PROVIDED DATA Start Marker
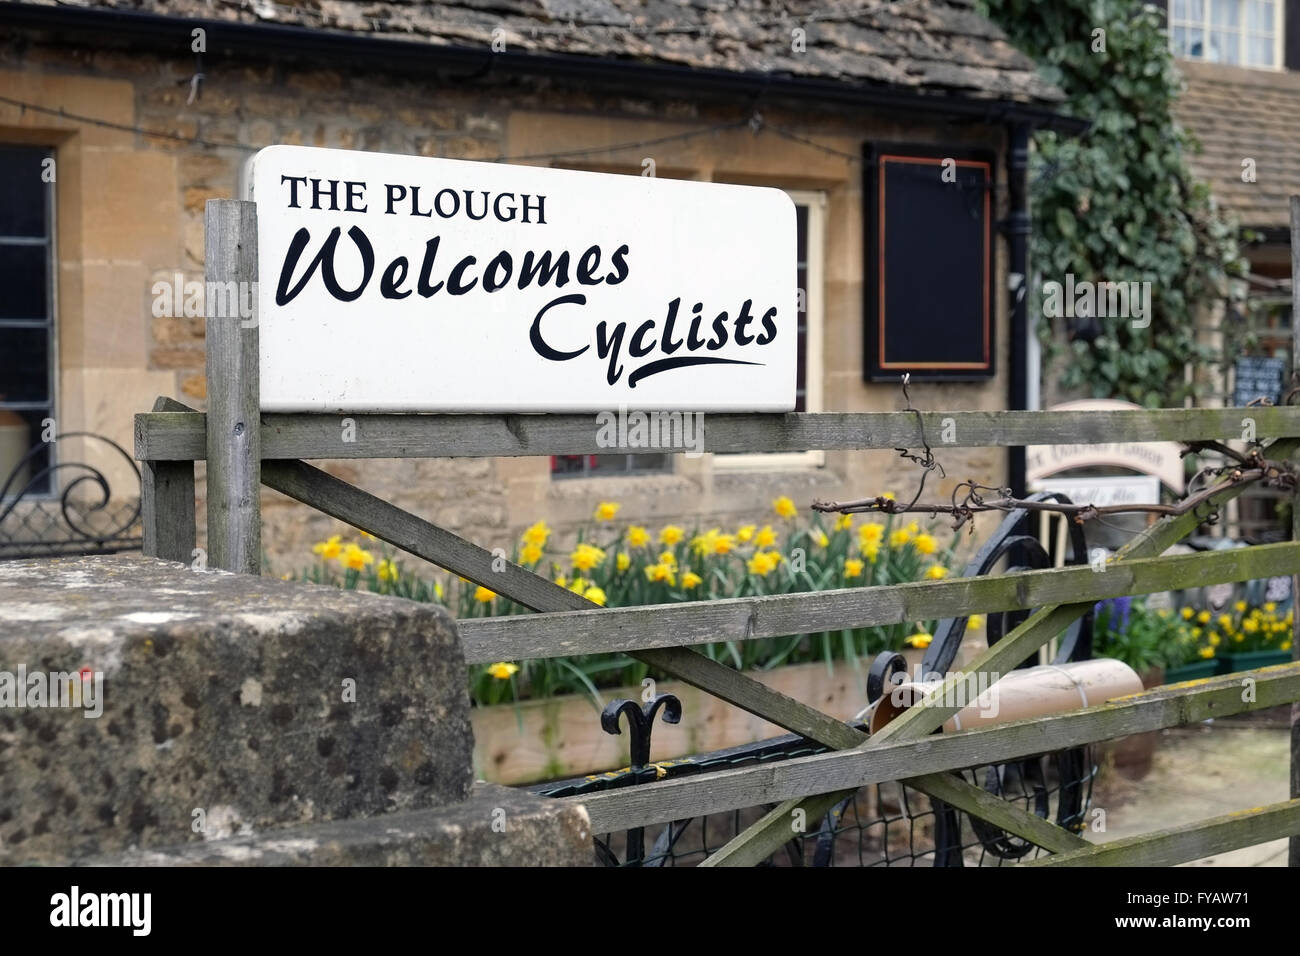 Bienvenue cycliste panneau au Plough Inn, Fairford, Gloucestershire, Angleterre, Royaume-Uni. Banque D'Images
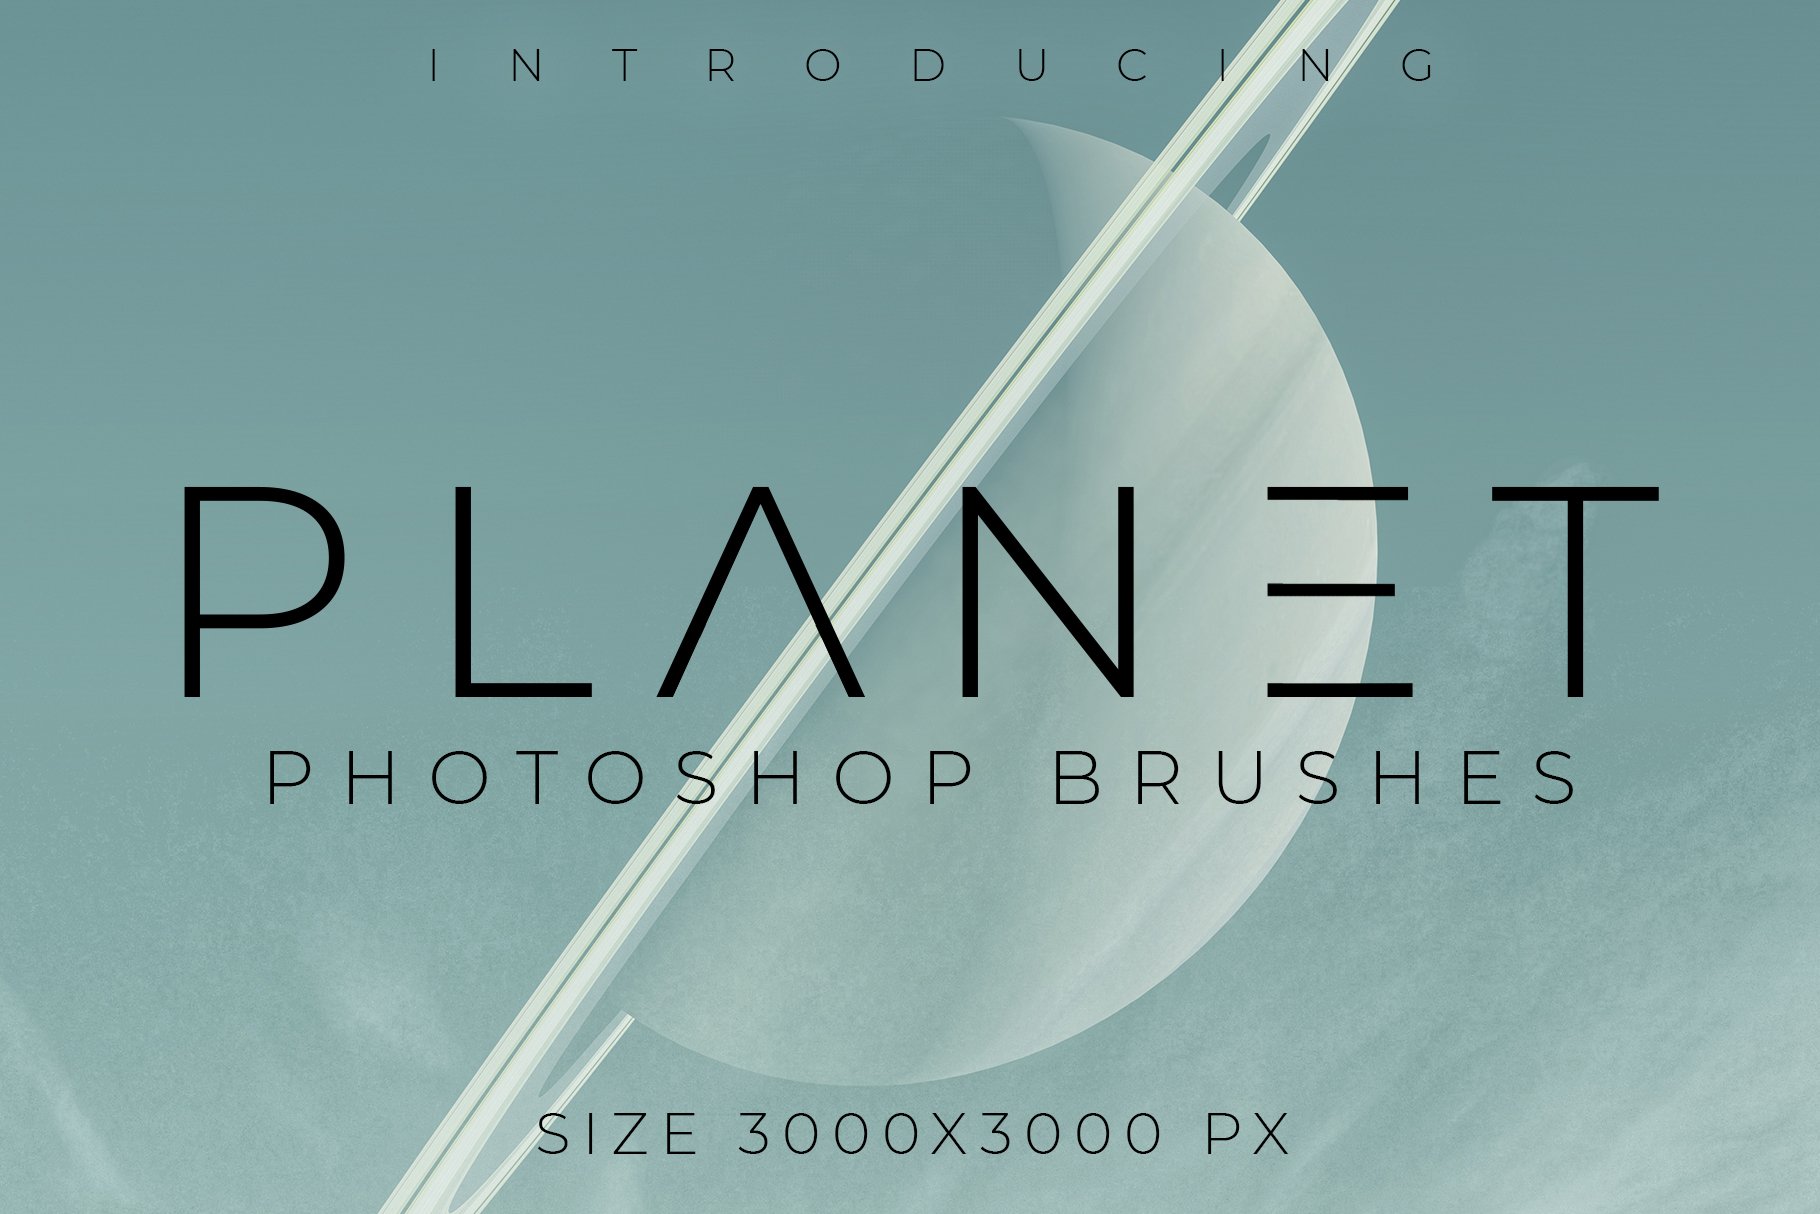 Planet Photoshop Brush Setcover image.
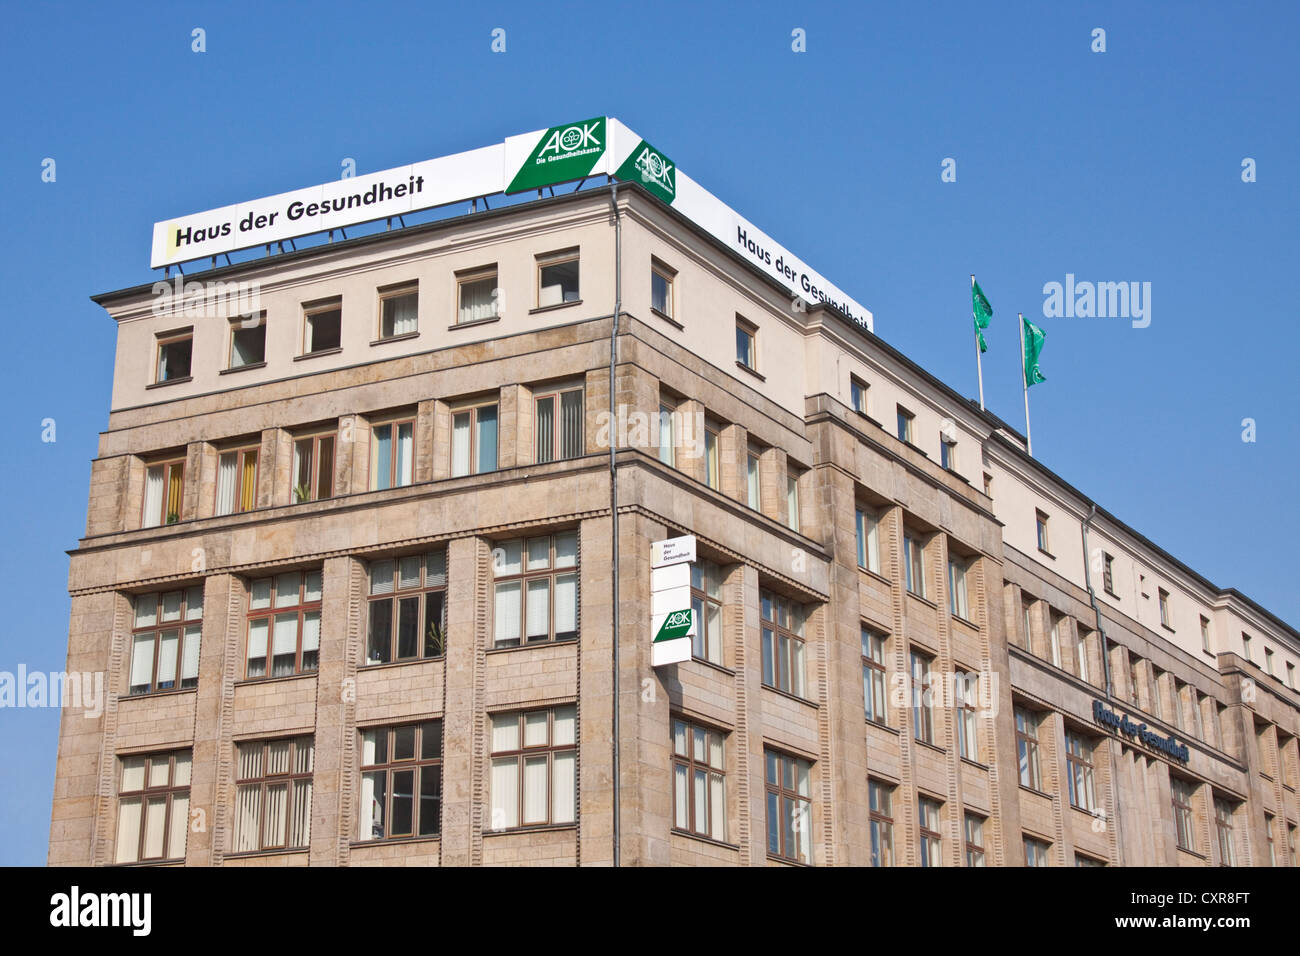 Haus der Gesundheit, maison de santé, compagnie d'assurance maladie AOK, Berlin, Germany, Europe Banque D'Images
PROVIDED DATA End Marker
## EXERCISE BRIEF
Leaving out only the pictures, reproduce the listing exactly.

## THE ANSWER
 Bienvenue cycliste panneau au Plough Inn, Fairford, Gloucestershire, Angleterre, Royaume-Uni. Banque D'Images
 Planet Photoshop Brush Setcover image.
 Haus der Gesundheit, maison de santé, compagnie d'assurance maladie AOK, Berlin, Germany, Europe Banque D'Images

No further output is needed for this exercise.